Oh that was nice. I could feel the heat and the water. I enjoyed to dip and the sisterhood. I miss that.

Oh and you asked what movie? How about something fluffy and light like Cat On A Hot Tin Roof ;)

Becky said...

Thanks for stopping by my blog. I am imagining you being warm and cozy in that below zero weather. Brutal is all I can say about that kind of weather I love the idea of imagination therapy. I am imagining that I finally found a job! Also that I am enjoying a big steaming bowl of chowda as ya'll say up north!!

Libby's Library said...

Okay - I've got to know if the back seat sex in the Corolla really happened?

Gladys said...

Nea I was wondering the same thing but then again wasn't sure I really wanted to know ;)

Queenie said...

Okay ladies, here's the real truth: it was a 1965 Plymouth Fury, convertible, teal in color. Long and lean. I was 17. He was 18. We looked so very cool tooling through the plaza in that thing, each of us smoking Marlboros, red pack, and the radio cranked to Frankie Valli and the Four Seasons screeching "Big Girls Don't Cry."
I married him a year later, by the way.

Tatersmama said...

I was transported... and damn, but it felt good!
I just want to know if I can join your sisterhood?
*sigh*

A Spot of T said...

Wouldn't it be wonderful if every woman could be a part of a sisterhood like that. *sigh* And even though we have done an about face weather wise where I am...+8 C...I definitely needed a moment to 'get away'. What a great visual I had reading this.

trudylookingglass said...

Amazing that you wrote about this today. Last night as I was getting under the covers of my warm bed, I glimpsed the painting of our goddess swimming nights. Yes, there is a painting, of which we all have a print, and there is a quilt, AND there is a SONG. I went to sleep trying to remember all the words to the song. Who has a recording of it? Maybe one of us should come up with a commemorative martini!

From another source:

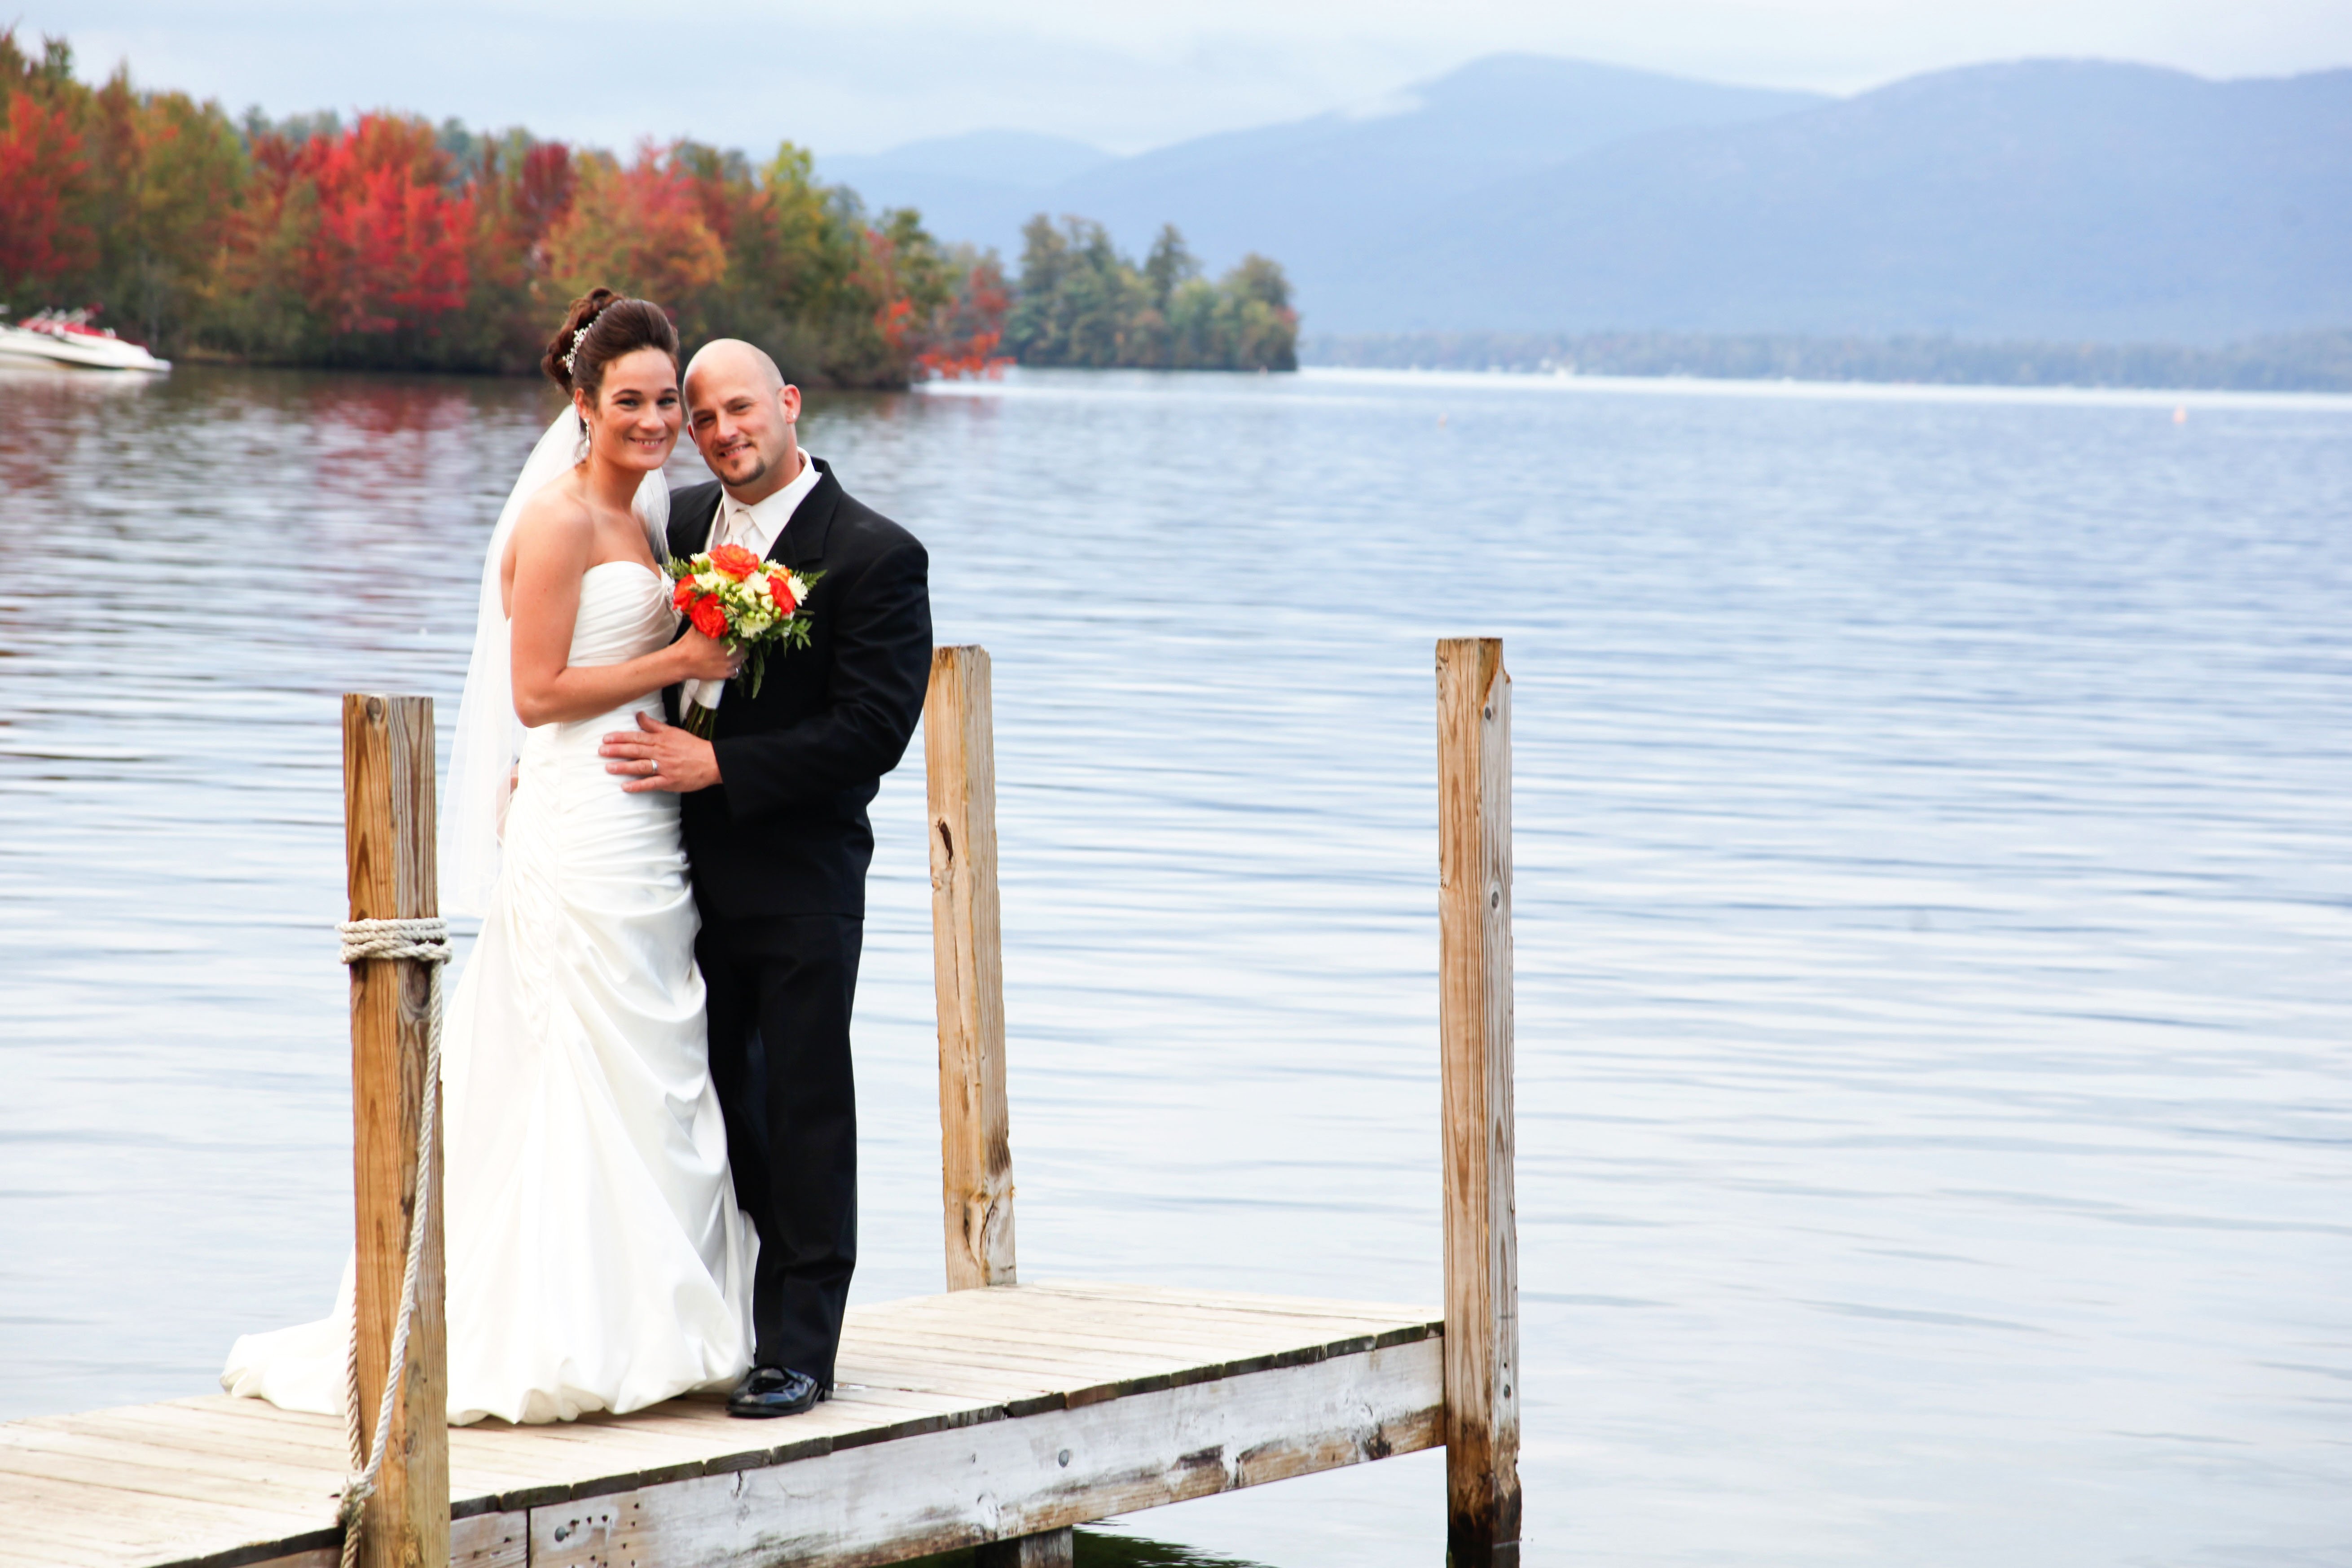 Lake Weddings Tips for Planning The Wedding of Your Dreams at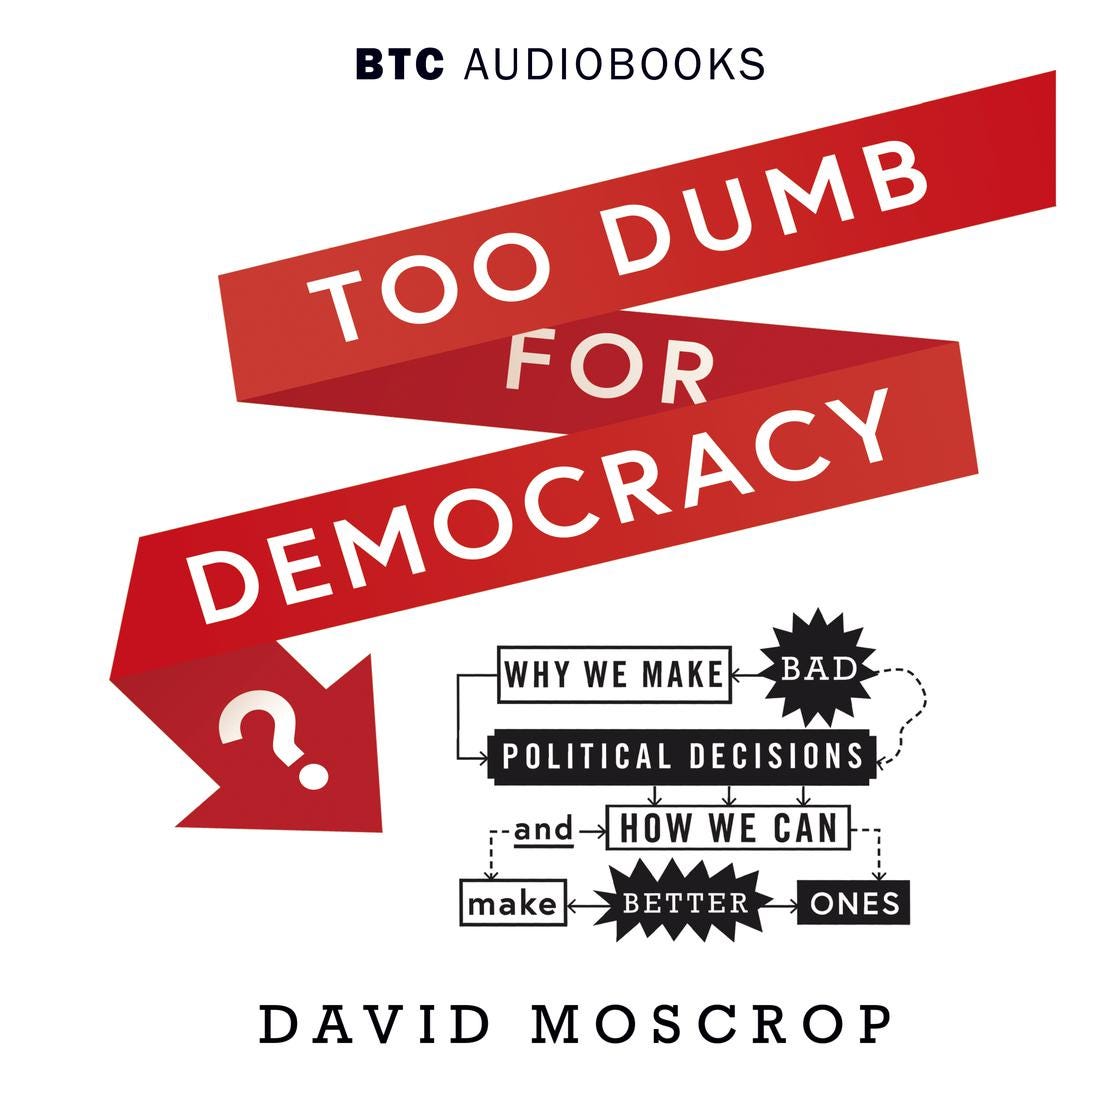 The audiobook cover of Too Dumb for Democracy by BTC Audiobooks, authored by David Moscrop.

Oh, and by the way, Sharon is not 100% correct when she says we are careful not to laugh too loud. "Some" of us are careful. After all, I live in a neighborhood and we sometimes stay in the water until after midnight. But she and Renate have mighty boisterous voices and the rest of us have a hard time swallowing the occasional screech!!! A neighbor way down the street once repeated the pool conversation word for word to me the day after a goddess swim night! I am so thankful for these friends and these memories!